Review of Roland Merullo's (Micronesia 1979-80) Lunch with Buddha

41ec7nxn50l__bo2204203200_pisitb-sticker-arrow-clicktopright35-76_aa300_sh20_ou01_Lunch with Buddha
Roland Merullo (Micronesia 1979-80)
AJAR Contemporaries
347 Pages
Paperback $16.85

Reviewed by Tony D’Souza (Ivory Coast 2000-02, Madagascar 2002-03)
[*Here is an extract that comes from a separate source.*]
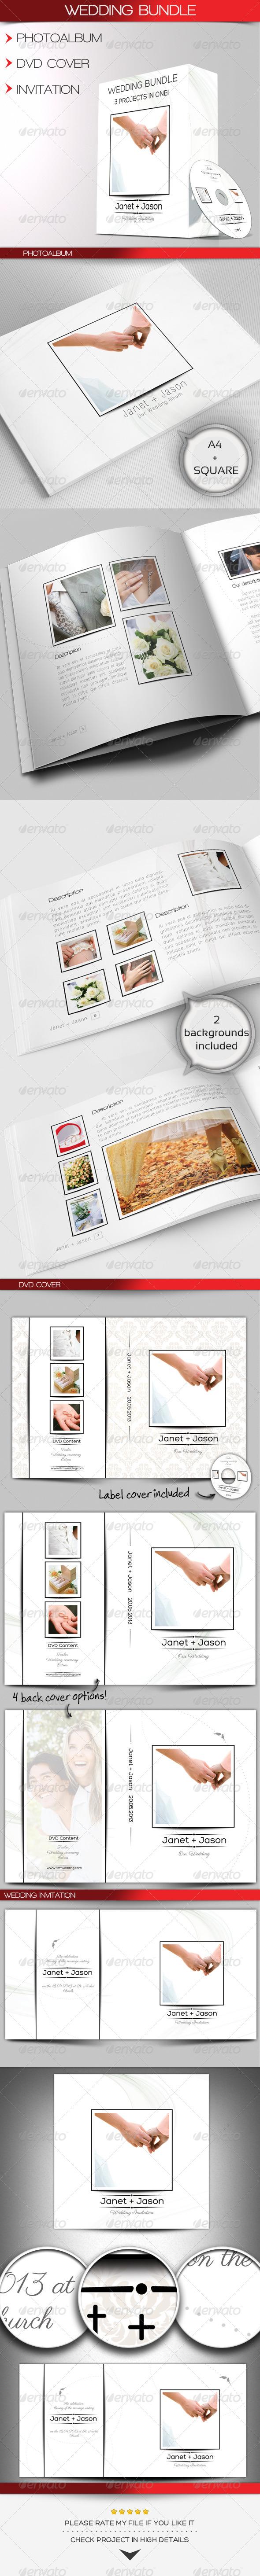 Wedding Bundle - Print Templates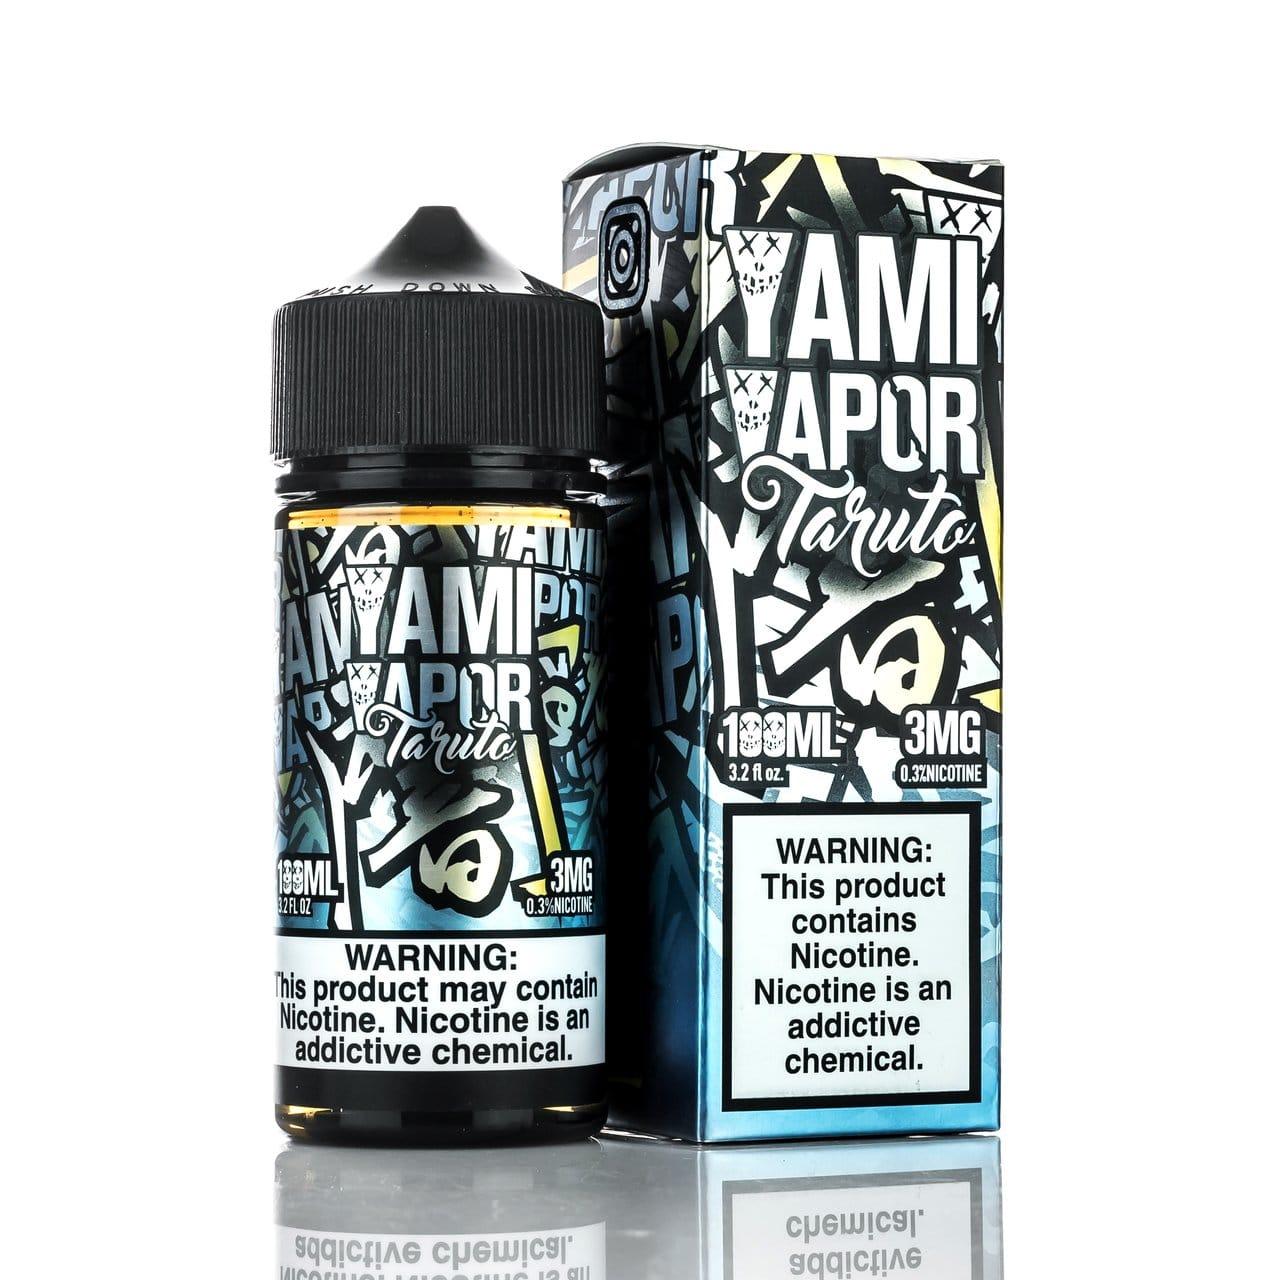 Yami Vapor Taruto 100ml & 30ml Vape Juice

GOD COMES IN MANY FORMS, so the saying goes, and in Roland Merullo’s latest offering, Lunch with Buddha, the “ultimate” is packaged in the guise of a burly, aging Russian Buddhist monk, Volya Rinpoche, who looks like a sun-burnished field peasant and behaves like a Connecticut Yankee in King Arthur’s Court, only dressed here in a monk’s robe and wandering the American highway. I must confess to not having read this novel’s precursor, Breakfast with Buddha, nor obviously the Dinner with Buddha that is certain to follow. Merullo seems to be striving for nothing less in this series than to lay the literary foundation of his own religion, a hybrid East-meets-West catchall to be named “Buddhianitry” or “Christian-Buddhism”; Volya Rinpoche hasn’t yet decided. The novel ends with a cliffhanger; Volya’s six-year-old daughter, Shelsa, has been recognized by him as the reincarnation of something meant to save the world. She’s secreted at a ranch in North Dakota and gathering around her the first of her disciples, which at this point consist mostly of her devoted Bronxville, NY family.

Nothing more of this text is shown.